## The problem
Retype the lines of the material below, exactly and only, from the one containing "Genuity has won" through the last line, with pictures left out.

## Information provided
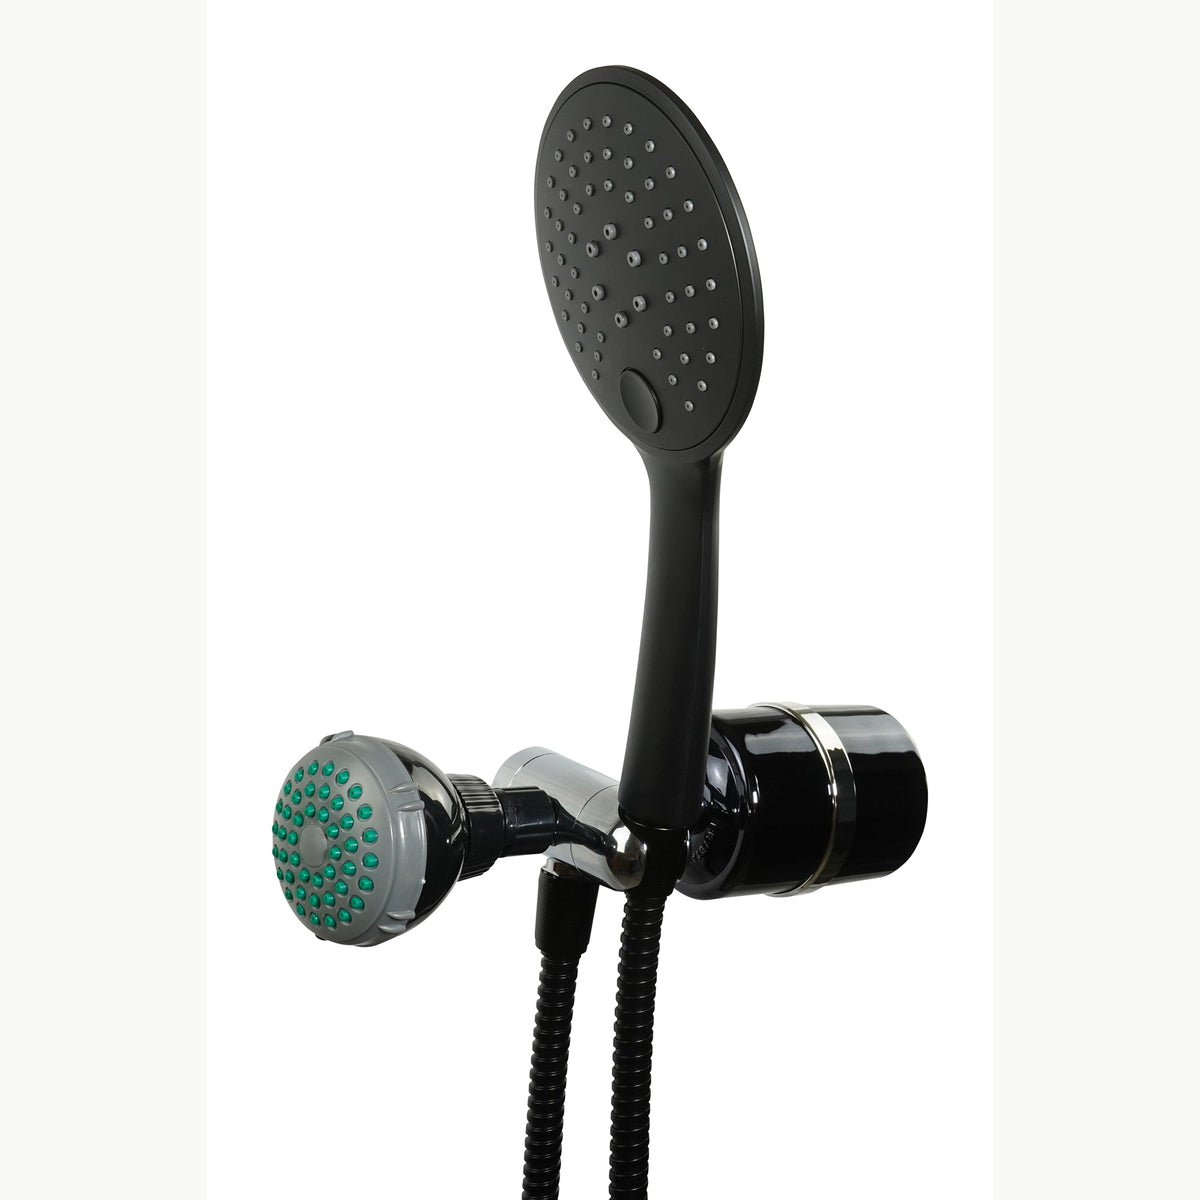 Black Handheld and Shower Head Combo Filter - Shower Bath Filters - Crystal Quest
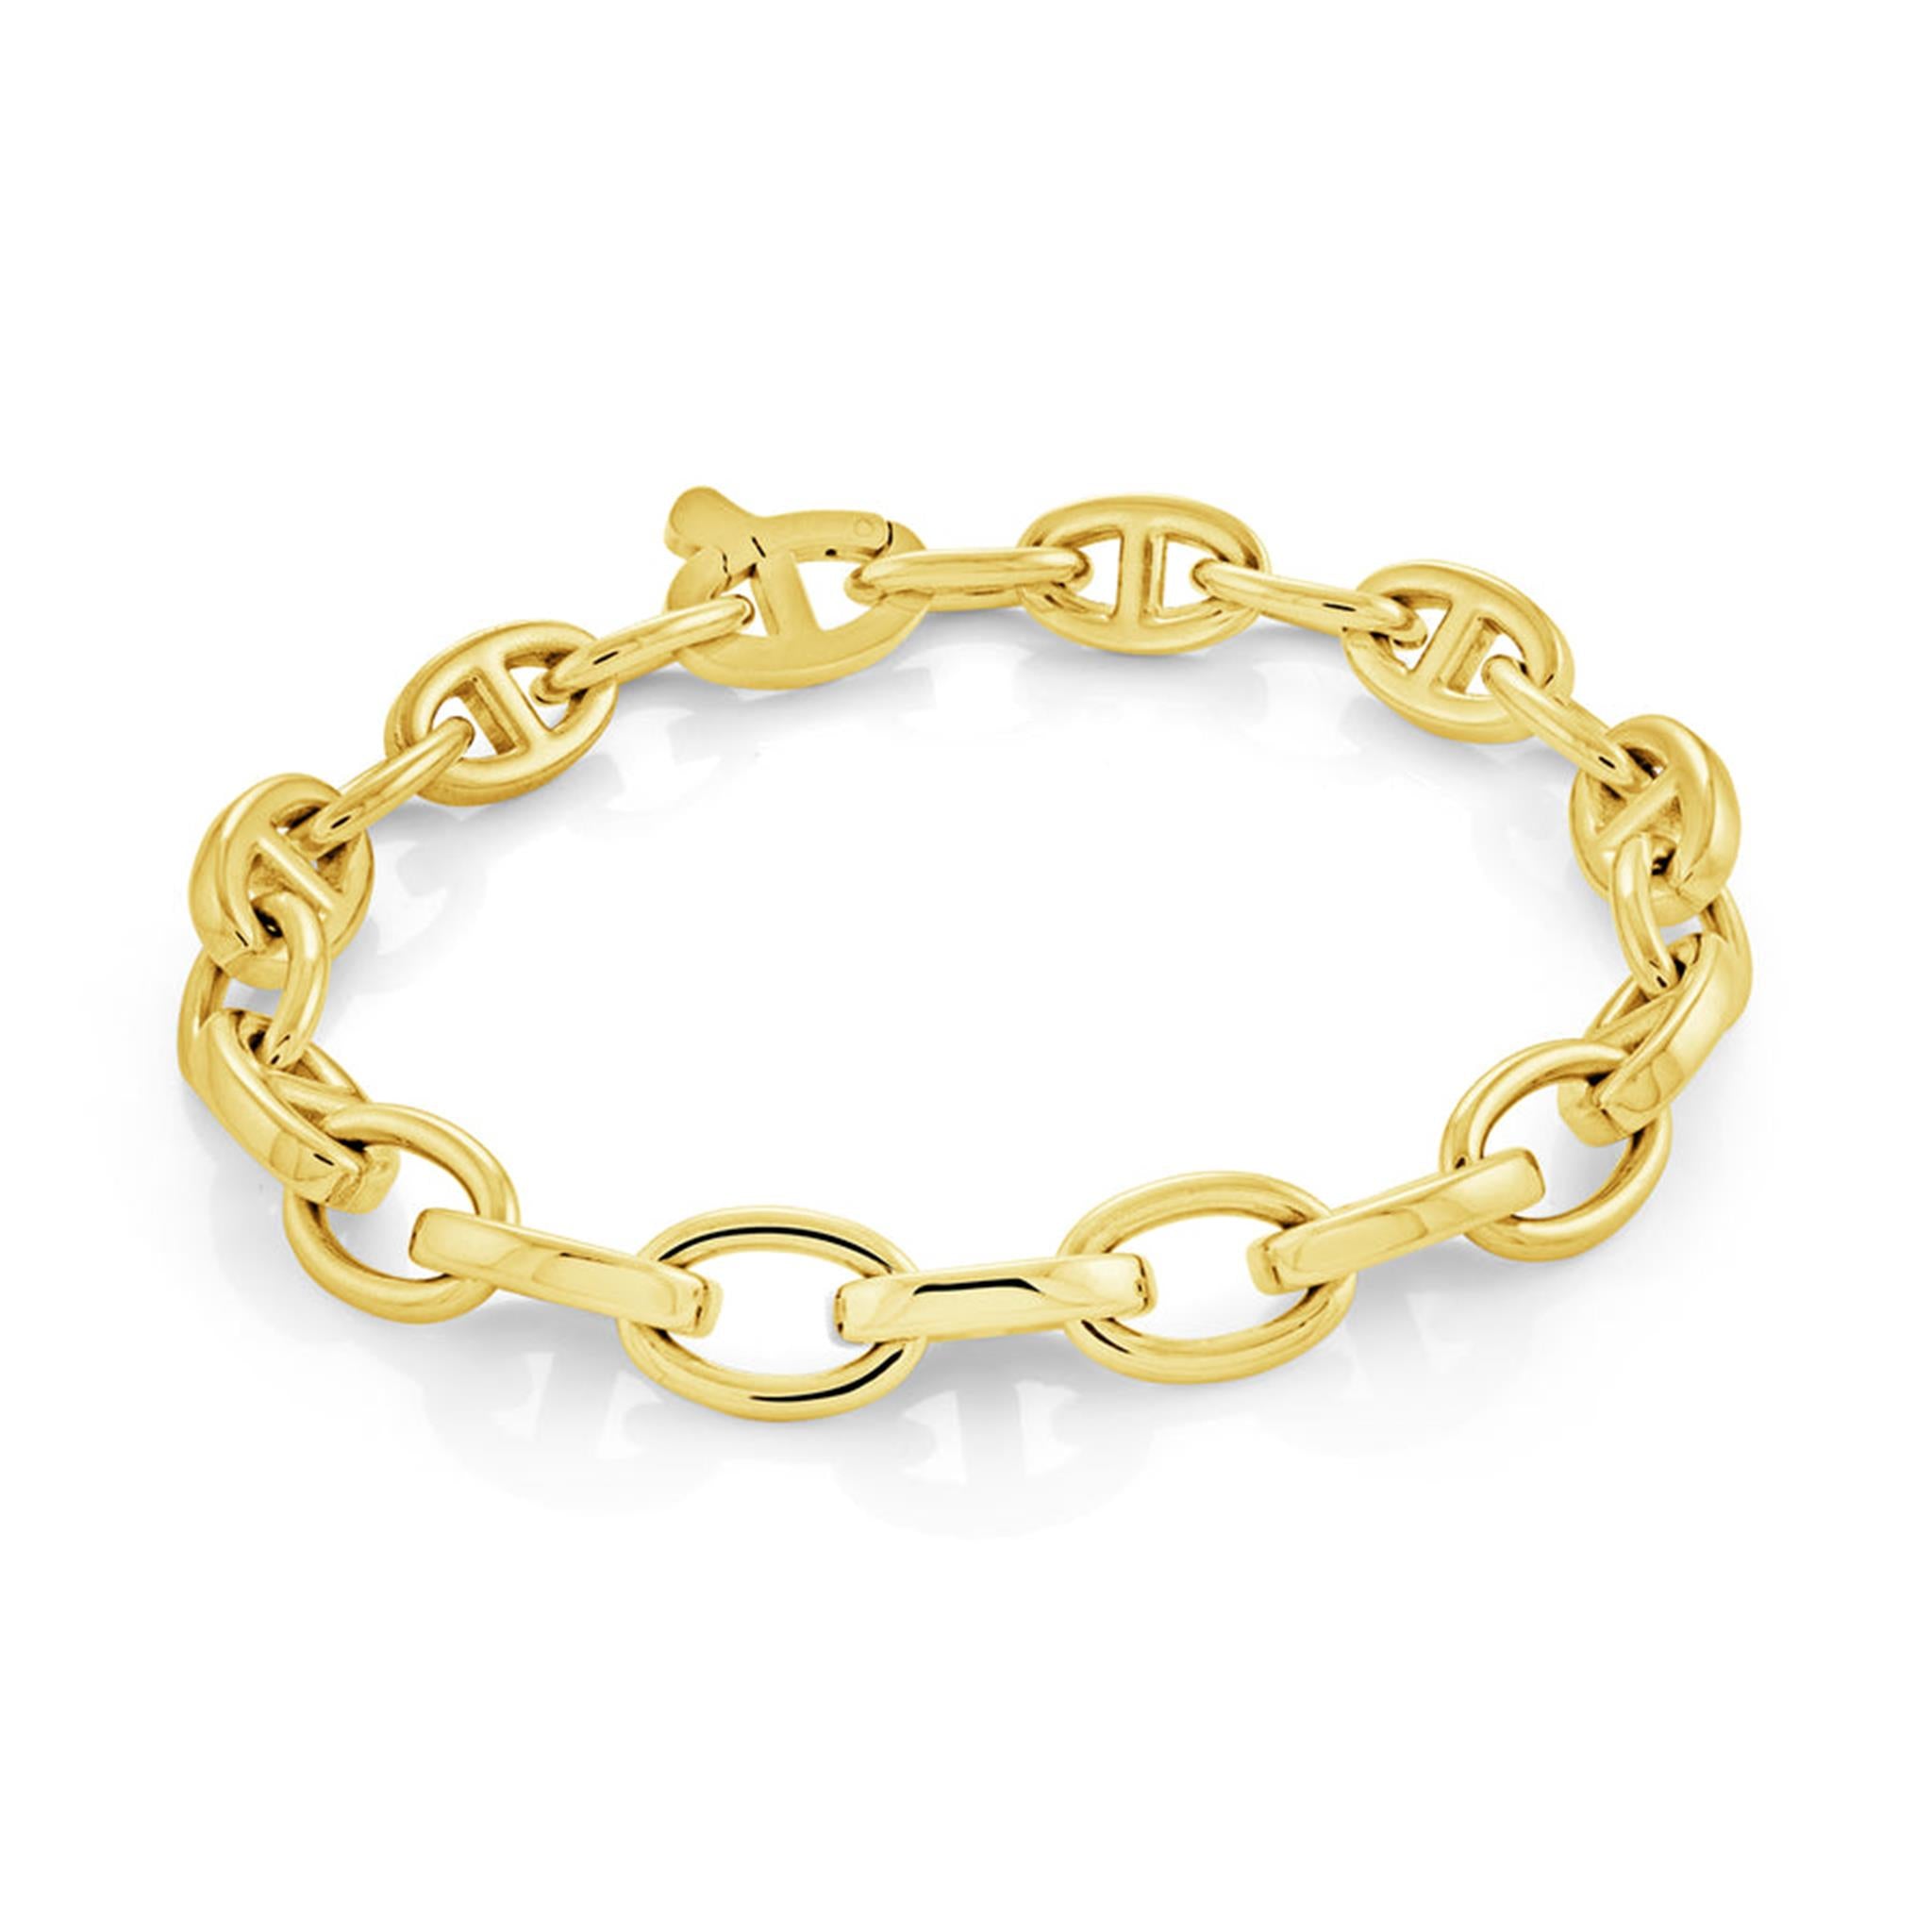 Real 10K Yellow Gold Fancy 3D Hollow Puff Gucci Mariner Link 5mm Bracelet  7.50
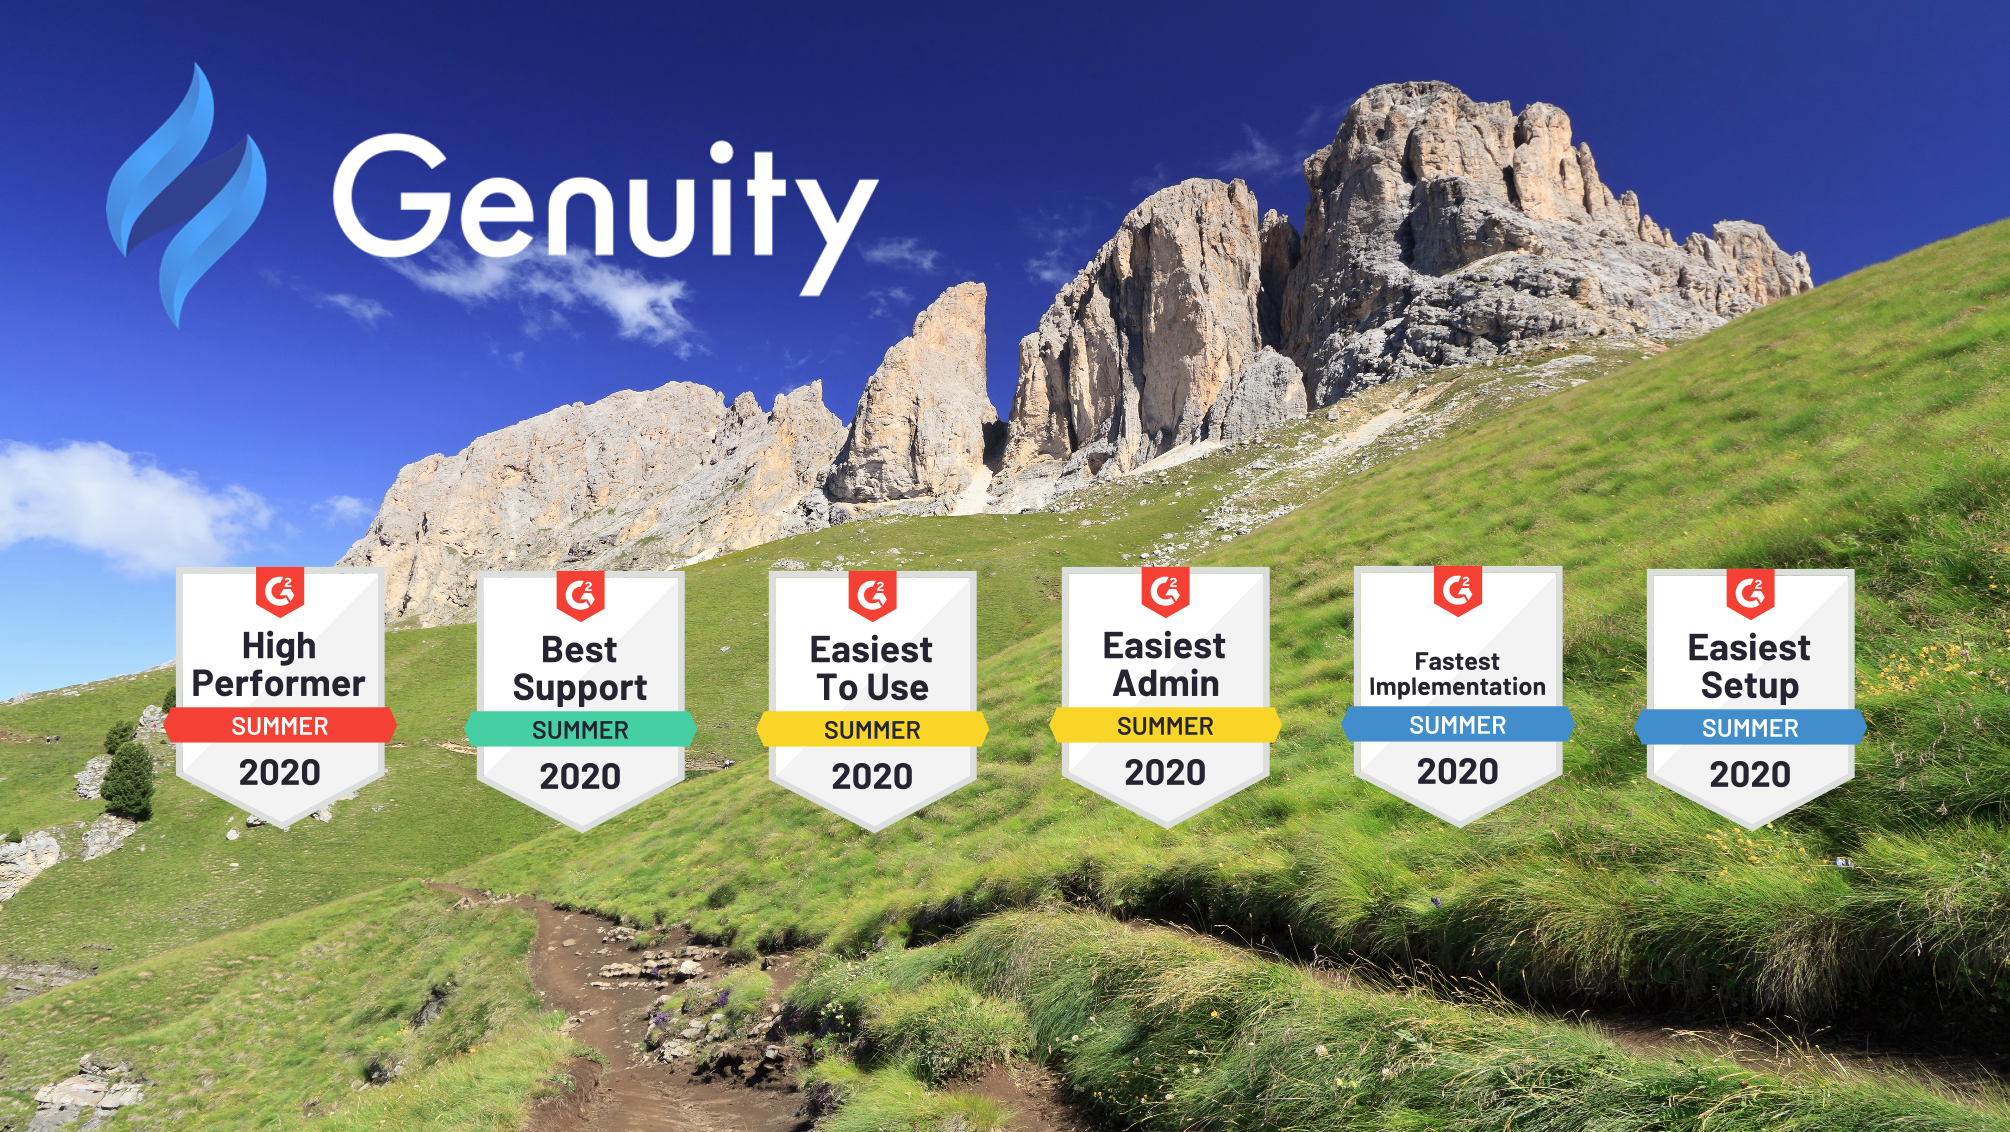 Genuity has won several key awards, from Top Performer to Best Support
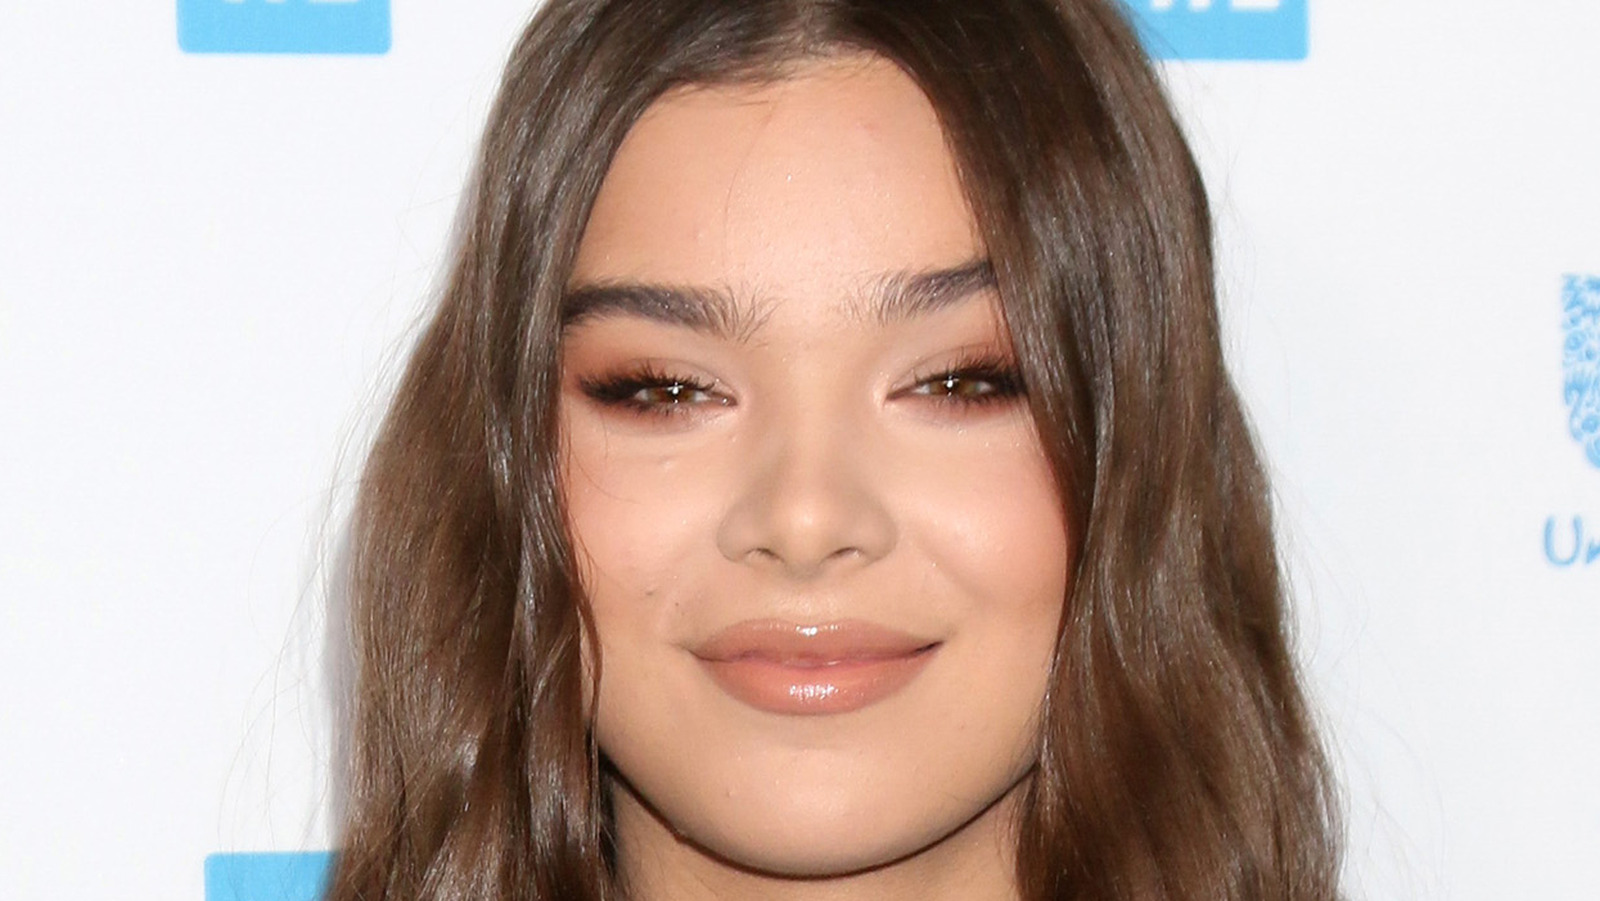 What Is Hailee Steinfeld's Nationality?

## Exercise result
 Genuity has won several key awards, from Top Performer to Best Support
 What Is Hailee Steinfeld's Nationality?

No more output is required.